A study titled Censorship-Resistant Sealed-Bid Auctions on Blockchains introduces a new sealed-bid auction design that avoids the drawbacks of traditional commit-and-reveal schemes—such as timing leakage, inefficient participation costs, and multi-slot execution. The protocol combines timestamp-based certificates with censorship resistance through inclusion lists, providing four key properties:

Strong privacy: both bid amounts and bidder identities are indistinguishable
Short-term censorship resistance: all honest bids are included in blocks
Auction Participation Efficiency (APE): measures how closely on-chain outcomes resemble classical auctions in terms of costs for participating users.
No free bid withdrawal: prevents participants from reneging after submitting a bid Altogether, these properties create a fair, private, and economically robust auction primitive integratible for any blockchain.
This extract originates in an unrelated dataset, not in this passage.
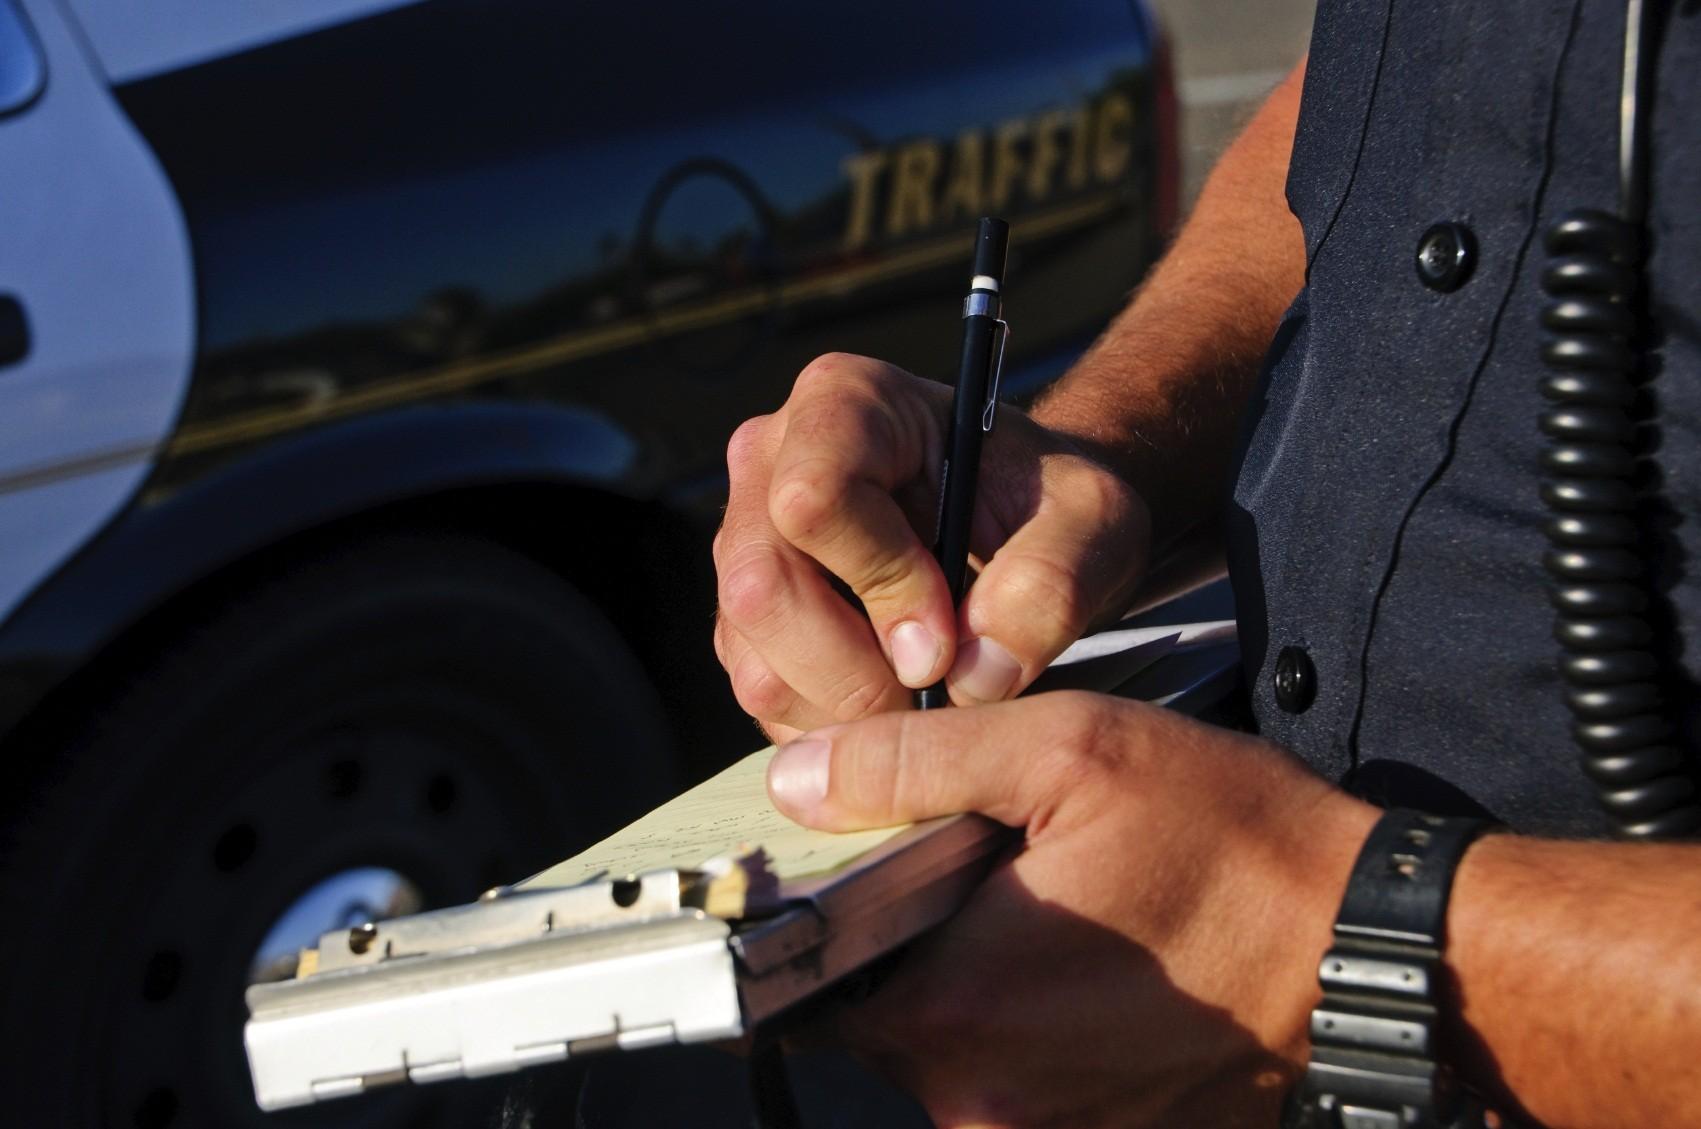 Delicious Dilemmas: Your G-SHOCK MR-G Hammertone or a speeding ticket
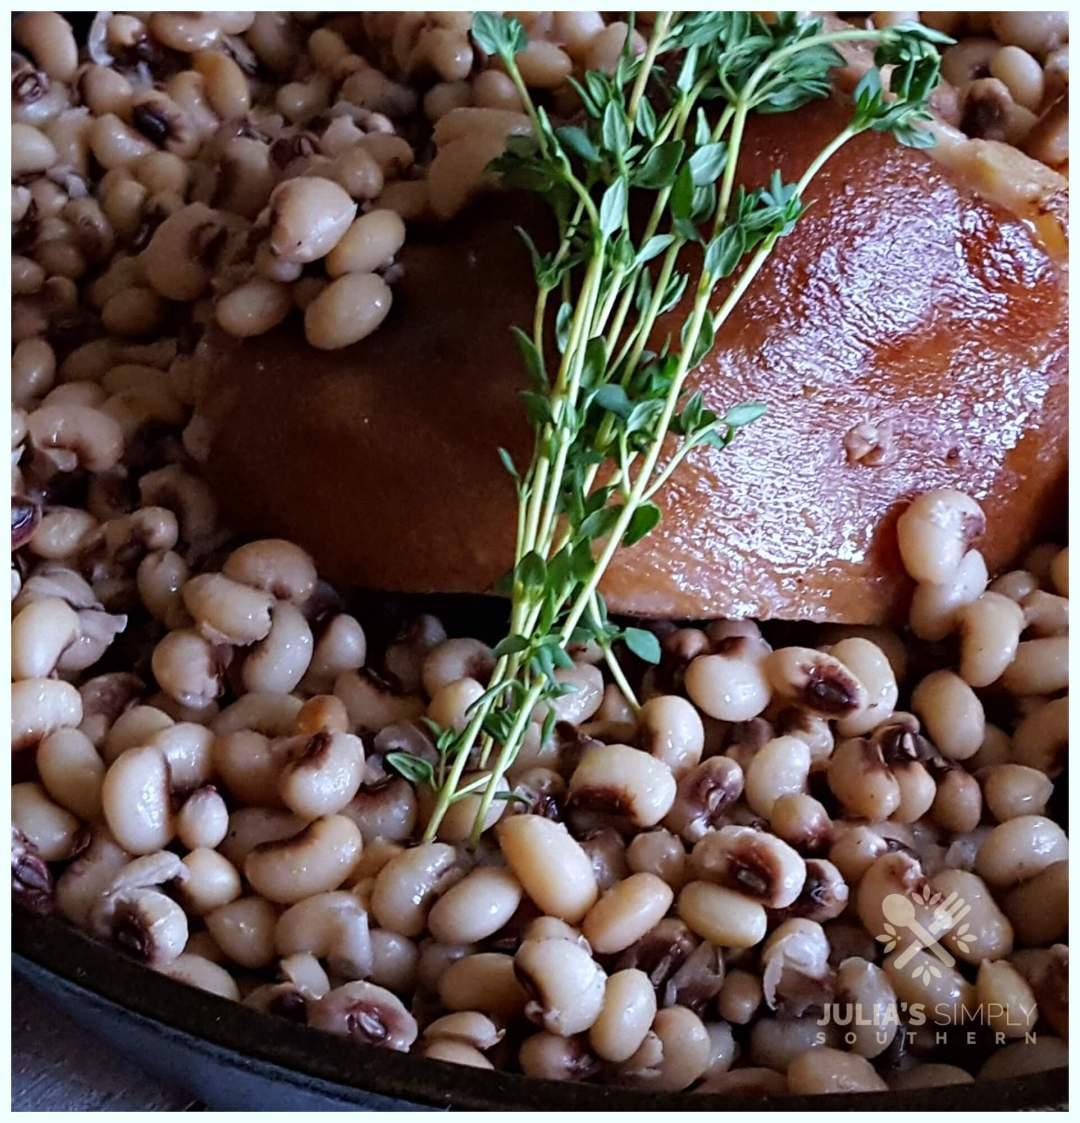 Ham Hock and peas

A Systematic Study of Crypto Wallet Design, Attacks, and Defenses

This research builds a structured knowledge framework for cryptocurrency wallets, aiming to better address the growing number of wallet-related security incidents.

Contributions include:

Wallet design taxonomy: A multi-dimensional classification covering both traditional and emerging wallet types, mapping design choices to known threats and guiding future wallet designs.
Wallet attack framework: A systematization of attack vectors, techniques, and targets, based on surveys of academic work and 85 real-world wallet incidents (2012–2025). The study also highlights gaps between academic and industry research.
Defense strategies: A combination of preventive and post-incident mitigation methods, along with an analysis of their effectiveness.

HKT-SmartAudit: A Knowledge-Distillation Framework for Lightweight Smart-Contract Auditing

This study proposes HKT-SmartAudit, a framework for developing lightweight models optimized for smart contract auditing. It features a multi-stage knowledge distillation pipeline that integrates classical distillation, external domain knowledge, and reward-guided learning to transfer high-quality insights from large teacher models. A single-task learning strategy is employed to train compact student models that maintain high accuracy and robustness while significantly reducing computational overhead.

Experiments show that the distilled model outperforms commercial tools and even large LLMs in identifying complex smart-contract vulnerabilities, offering an efficient, scalable auditing solution.

Free Testing, But Expensive Consequences

This article argues that with the rise of LLMs and code-generation tools, the marginal cost of writing tests has dropped near zero—but the flood of new tests has not increased safety. Instead, they introduce maintenance overhead. Many tests catch no real bugs and fail frequently due to intentional code changes, obstructing refactoring and improvement.

The author redefines test value in terms of ROI: The value of a test is the future stream of bugs it prevents minus the cost of maintaining it, adjusted for how much we care about the future. However, LLM-generated tests tend to write only trivial cases and avoid the hard parts (e.g., file writing, API calls), and only test now, not what. The result is an illusion of safety combined with higher project costs.